For the past several weeks I have read The New York Times columnist Eric Asimov’s musings on libations, grabbed my Sharpie, and after much concentration (and consternation) blacked out most words, distilling the piece down to my interpretation of its essentials. On rosé: “I seriously heart good rosés.” On Savennières: “I find virtues in wines rejected by others.” On natural wine: “Indeed, swirl is a fan.” On beer: “I can consume multiple pints.” Et cetera. The column becomes my muse as I both reinterpret and redesign Mr. Asimov’s assertions.
Rewriting this week’s column proved a greater struggle. I read and reread, Sharpie in hand, unable to find the words to keep. Partially this was because I am both unversed in and uninspired by its subject: sake.
Was I not trying hard enough to appreciate this ancient, revered beverage? He thinks so: “It would be so easy to say,’Why bother?’ But push past that moment of resistance, and the rewards in sake can go well beyond what’s in the glass.”
But even after several reads I wasn’t feeling it. In fact I began to see Asimov as a sake apologist (and a certain New York sake store’s marketing director) rather than an enthusiast. In the column he offers two reviews, describing the second, less expensive sake as “a bit smoother, a bit more dry, with a lighter, more delicate texture…” I realized that Asimov’s obvious struggle with describing the sake was in turn why I was struggling distilling his language. And his struggle was one which I also have…when I describe wine.
Although Asimov suggests otherwise, searching for nuances “beyond what’s in the glass” in sake is exactly what I do when swirling, smelling, and slurping wine. The descriptors may be different, but wine lovers like myself are also looking for “texture, elegance and purity,” and at times struggle putting words to a tasting experience which is completely subjective. Asimov is right about the “disquieting” and “alien world” sake may present to the uninitiated; I certainly have an easier time describing sensations reminiscent of the fuzzy skin and ripe, dripping fruit of a peach when tasting a lush Viognier than the that of “waterfalls and cool mountain streams” he experienced when tasting a Amanoto Tokubetsu Junmai.
Of course we all describe our experiences (of what is both in and outside the glass) differently.
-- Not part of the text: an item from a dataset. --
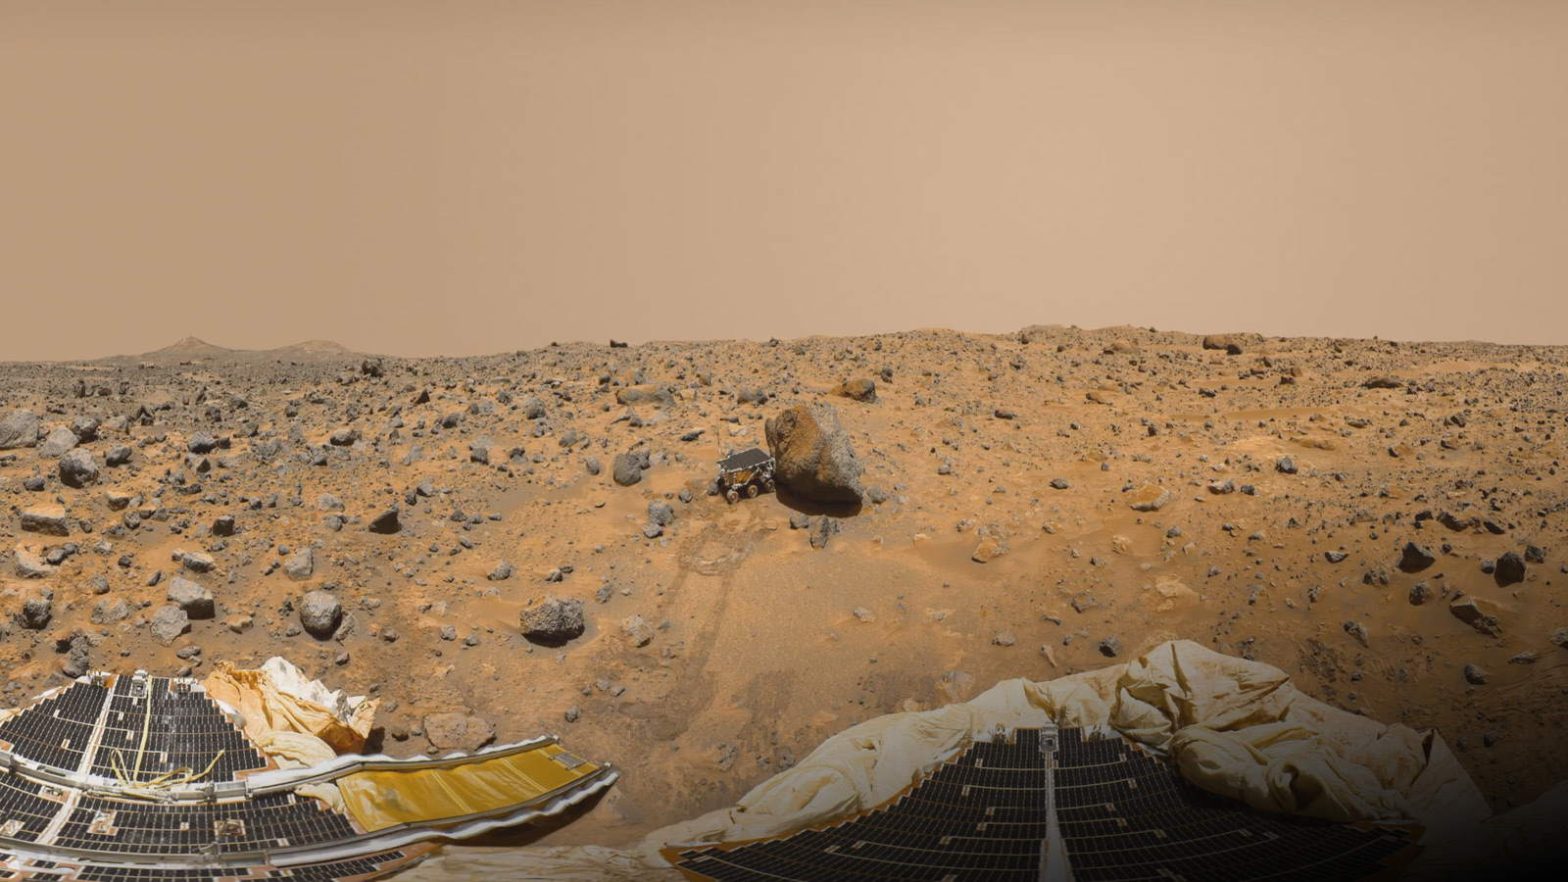 Mars Pathfinder Lander and the Sojourner Rover on Mars

Even when the descriptors are the same, they are just that: a description, not the actual experience. Whether one is describing sake or wine, it is language itself that is both the challenge and the truth maker. Knowledge comes is in the speaking (or writing) of the subject. And, as Foucault says, “The task of commentary can never, by definition, be completed.”
Next week I’ll free my mind of fickle Foucault and give “rewriting the review” another go, hopefully ending up with a throughly (and thoughtfully) marked-up column. (And I’ll be wielding my brand new Stainless Steel Sharpie. How cool is this pen.)